Objective: To evaluate the performance of a multicenter, prospective surveillance program in identifying adverse events, and to seek explanations for misclassification bias.

Design: The design was a prospective observational study of patients with documented or suspected bacterial pneumonia.

Setting: Data were collected in 74 acute care hospitals across the US.

Patients: This evaluation was based on a consecutive sample of 1822 adult patients (> 18 years of age) with documented or suspected bacterial pneumonia who were being treated with a cephalosporin, a penicillin, or an aminoglycoside over a 3-month period. Patients were followed for the duration of antibiotic therapy and were excluded if antibiotic therapy was < 3 days or if the pneumonia was judged to be nonbacterial.

Interventions: Clinical pharmacists documented patient demographics, concurrent illnesses and medications, antibiotic administration, relevant laboratory data, and the occurrence of nephrotoxicity and neutropenia.

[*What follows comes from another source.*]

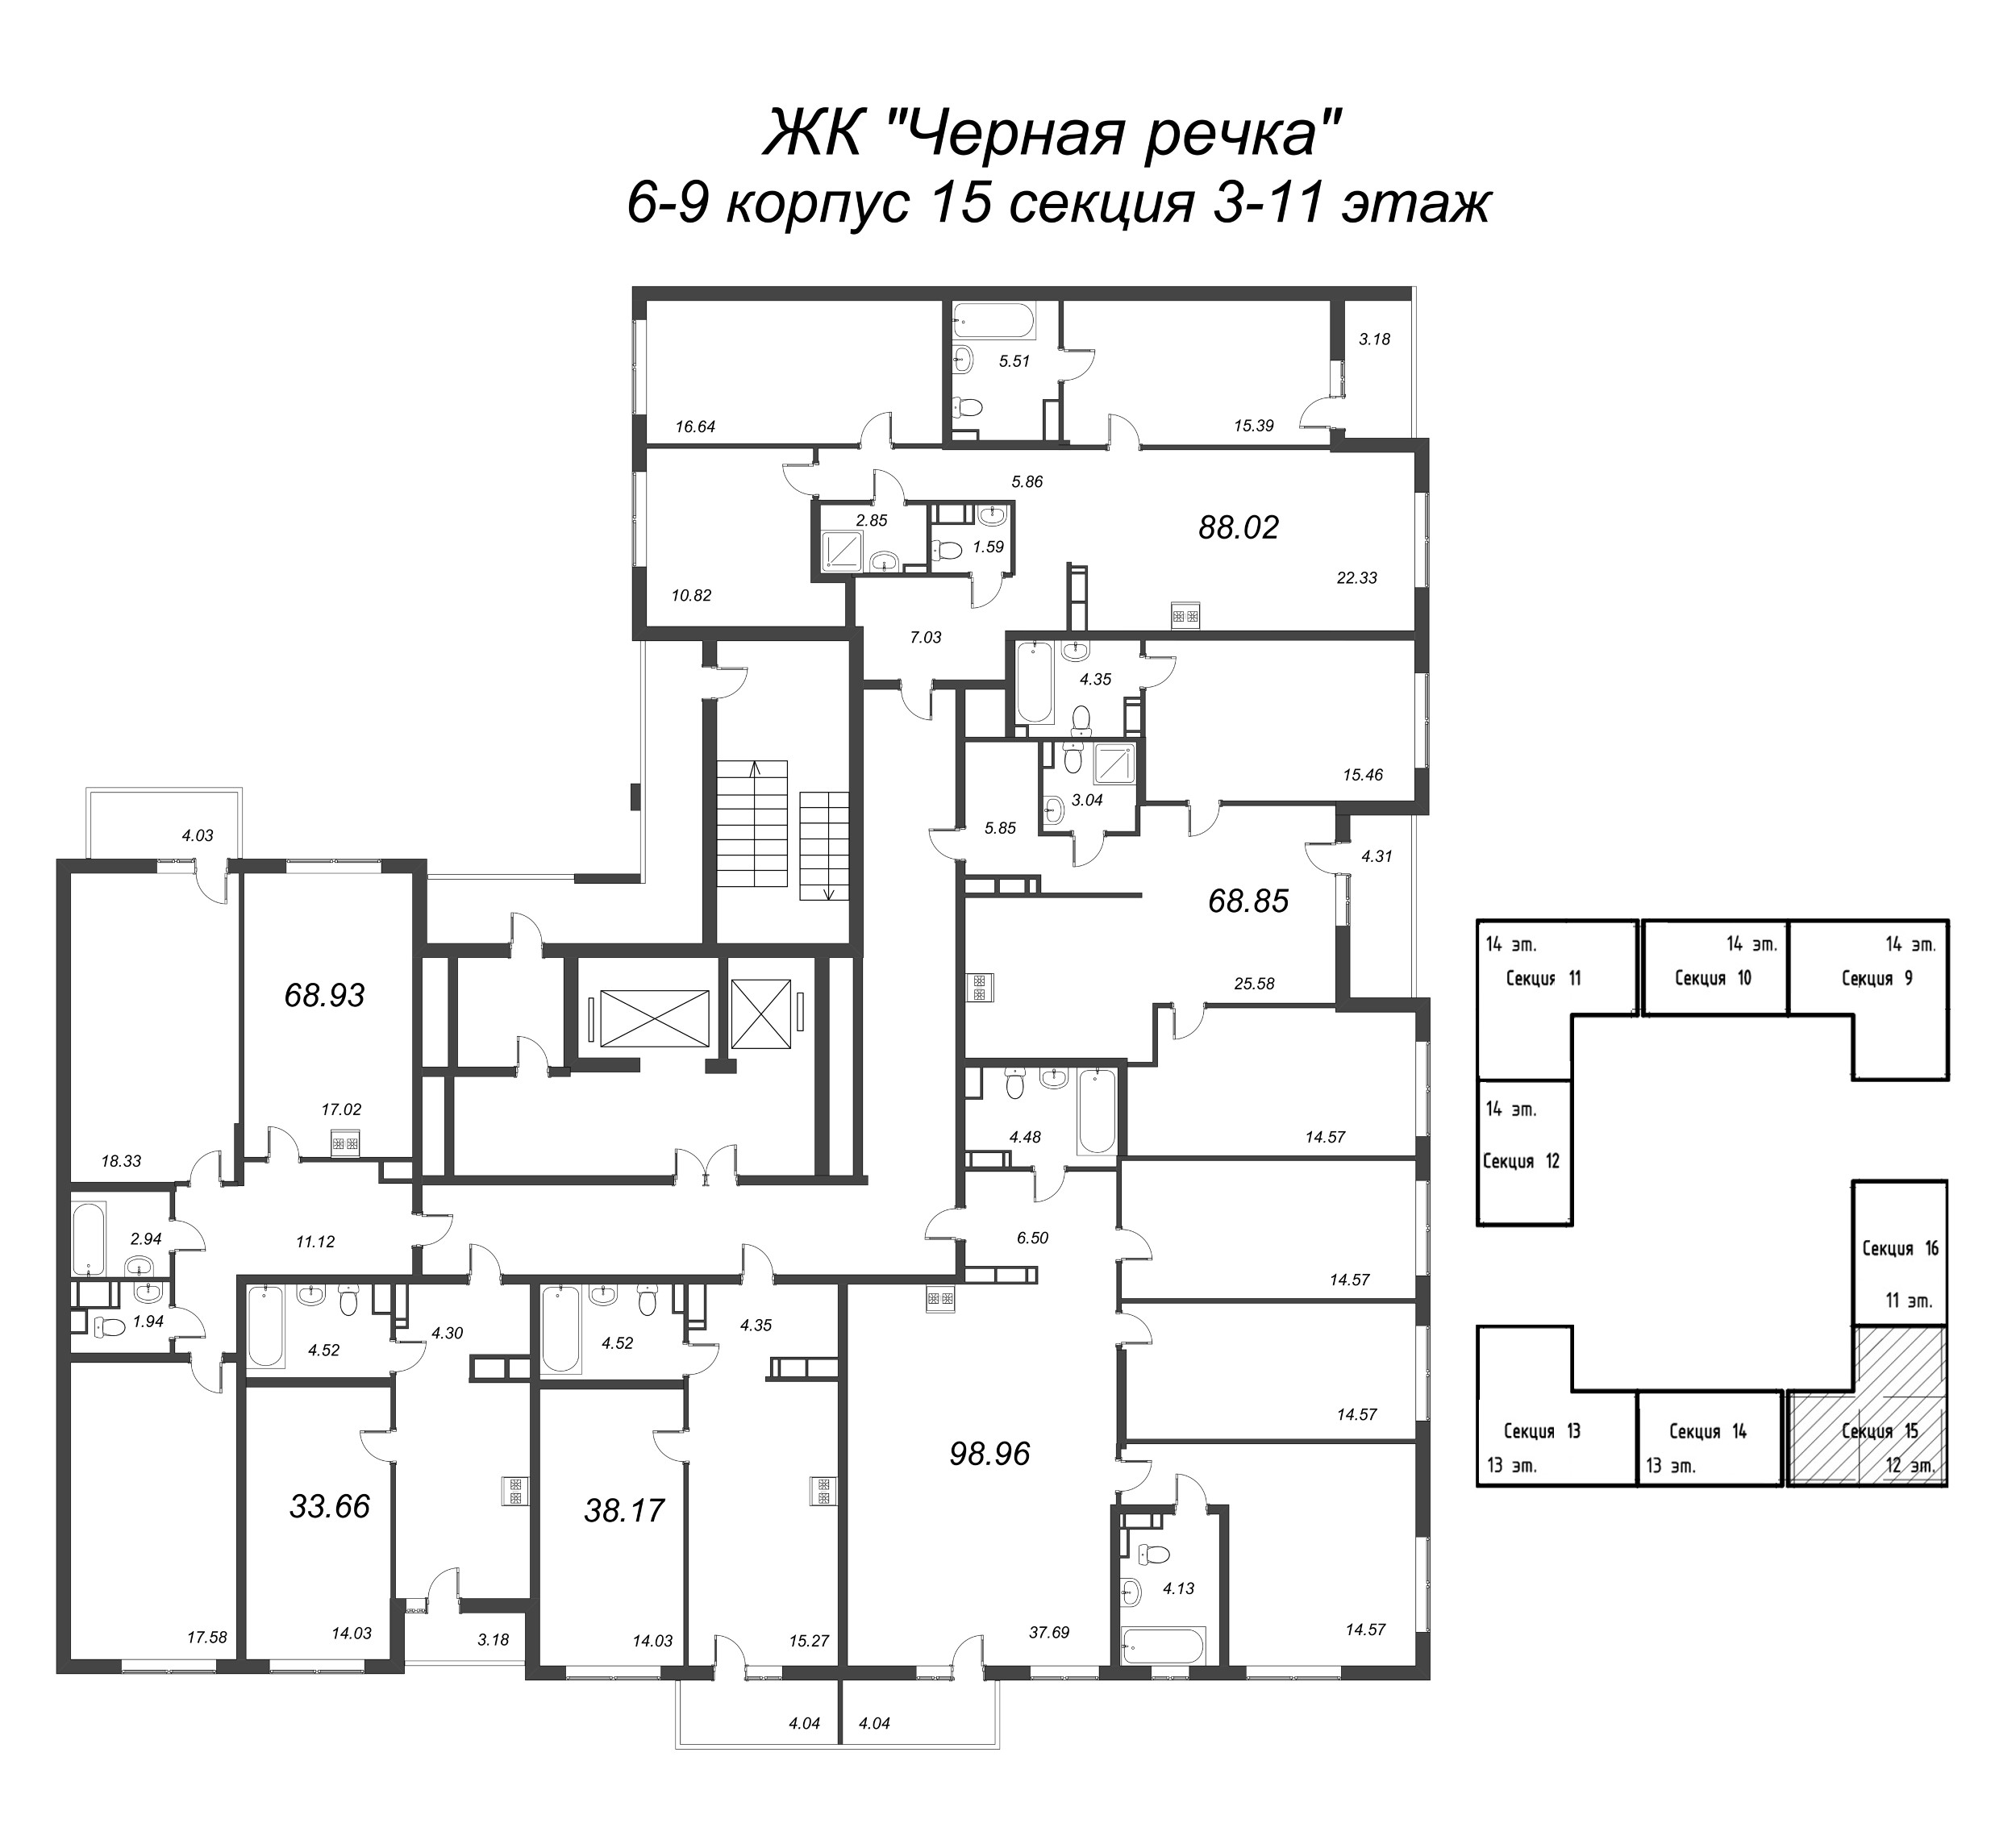 4-комнатная (Евро) квартира, 98.96 м² - планировка этажа

Main outcome measures: Validity of investigators' identification of neutropenia and nephrotoxicity as compared with objective laboratory data was assessed by using sensitivity, specificity, and positive and negative predictive value measures.

Results: Among the 1502 patients with sufficient data to evaluate neutropenia, there was agreement in 1270 patients (84.6%); likewise, among 1291 patients with sufficient data to evaluate nephrotoxicity there was agreement in 1186 patients (91.9%). Sensitivity of the researchers' assessments was 50.9% and 71.0% for neutropenia and nephrotoxicity, respectively. The negative predictive value was > 95% for both events.

Conclusions: Overall, this evaluation demonstrated that the Drug Surveillance Network can successfully identify targeted adverse events. Moreover, this study highlights the importance of validation for all types of outcomes-oriented research studies.